This retrospective study on long-term outcomes in osteogenesis imperfecta type VI found that patients who received intravenous bisphosphonate treatment had an increase in lumbar spine areal bone mineral density, a higher final height z-score, and some reshaping of vertebral bodies.

Introduction

Osteogenesis imperfecta (OI) type VI is an ultra-rare bone fragility disorder caused by recessive mutations in SERPINF1. Here, we describe long-term outcomes in OI type VI and compare the clinical phenotypes caused by different types of SERPINF1 mutations.

Methods

This study includes a retrospective chart review of 13 individuals with OI type VI.

Results

In the absence of therapy, lumbar spine areal bone mineral density (BMD) did not increase during childhood and longitudinal growth seemed to stall after the age of 6 to 8 years. The phenotype was similar between individuals with different types of SERPINF1 mutations. Intravenous bisphosphonate treatment was associated with an increase in lumbar spine areal BMD and some reshaping of compressed vertebral bodies. Patients who had started bisphosphonate treatment early (before the age of 6 years) were taller than patients who had received bisphosphonate treatment later during their growing years. Lower extremity fractures were frequent despite bisphosphonate treatment and scoliosis was present in all patients who had reached the final height.
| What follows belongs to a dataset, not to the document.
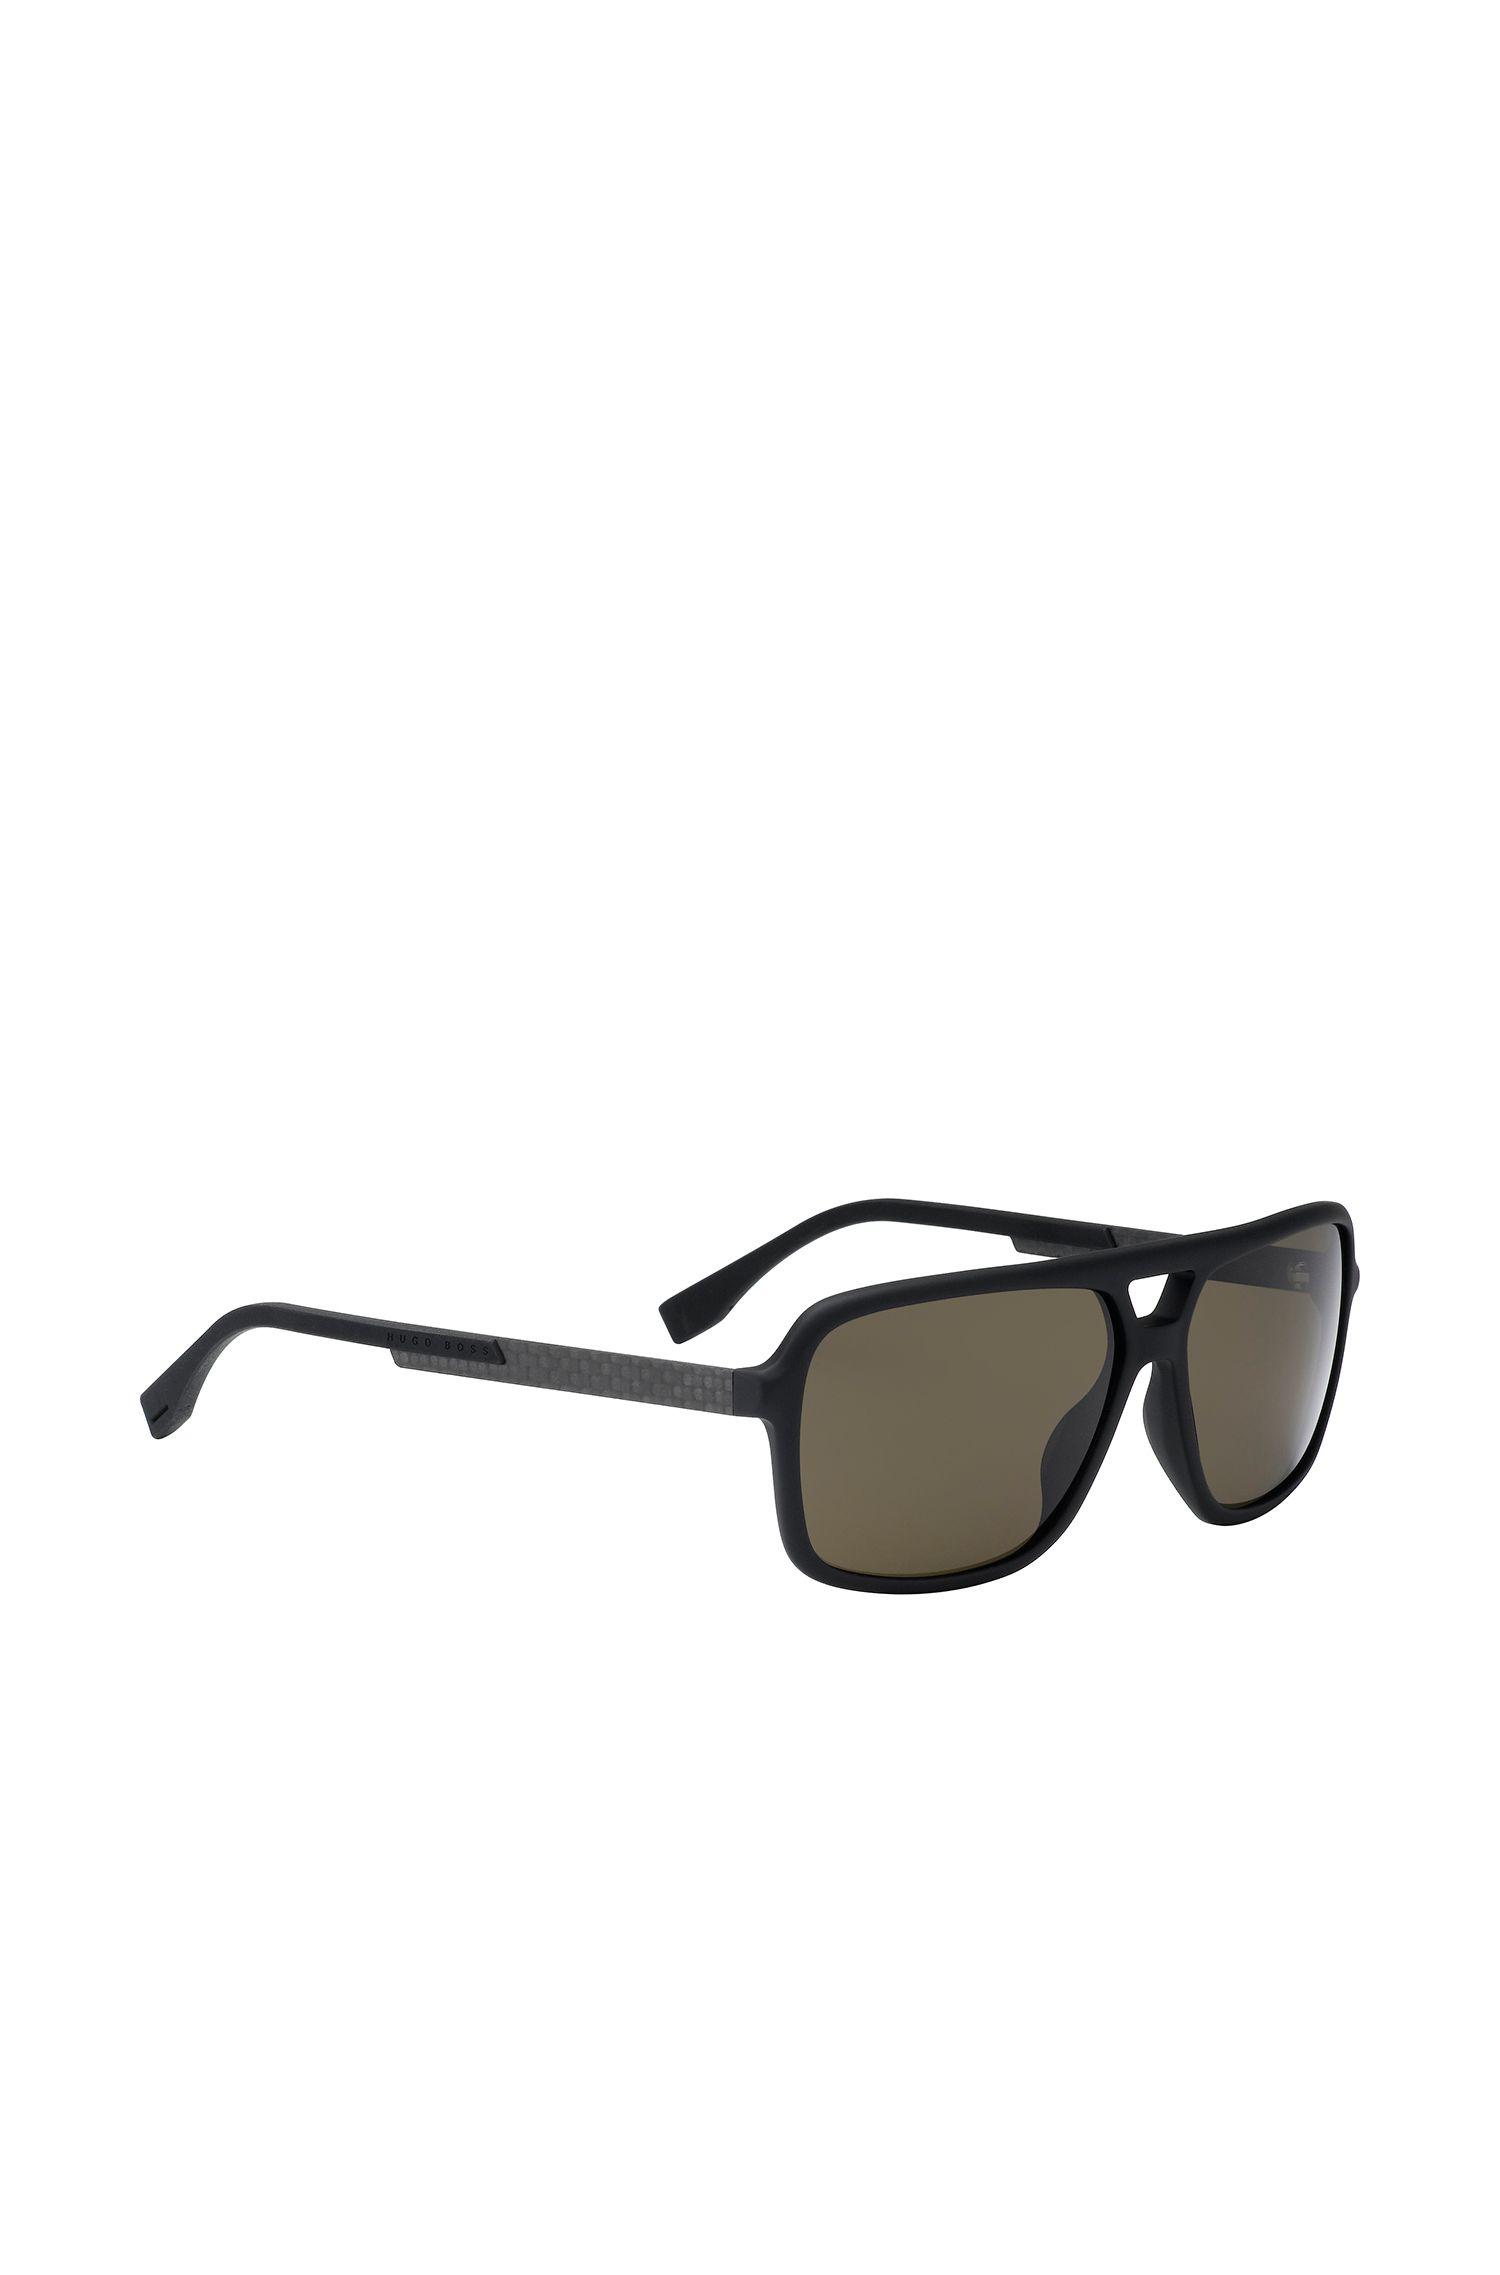 'BOSS 0772S'| Brown Grey Lens Navigator Sunglasses

Most patients had restricted mobility. In four patients, intravenous bisphosphonate treatment was eventually substituted by subcutaneous injections of denosumab, without clear changes in the clinical picture.

Conclusions

Patients with OI type VI who received intravenous bisphosphonate treatment during growth had an increase in lumbar spine areal BMD, a higher final height z-score, and presented some reshaping of vertebral bodies. More effective treatment modalities are clearly required in OI type VI.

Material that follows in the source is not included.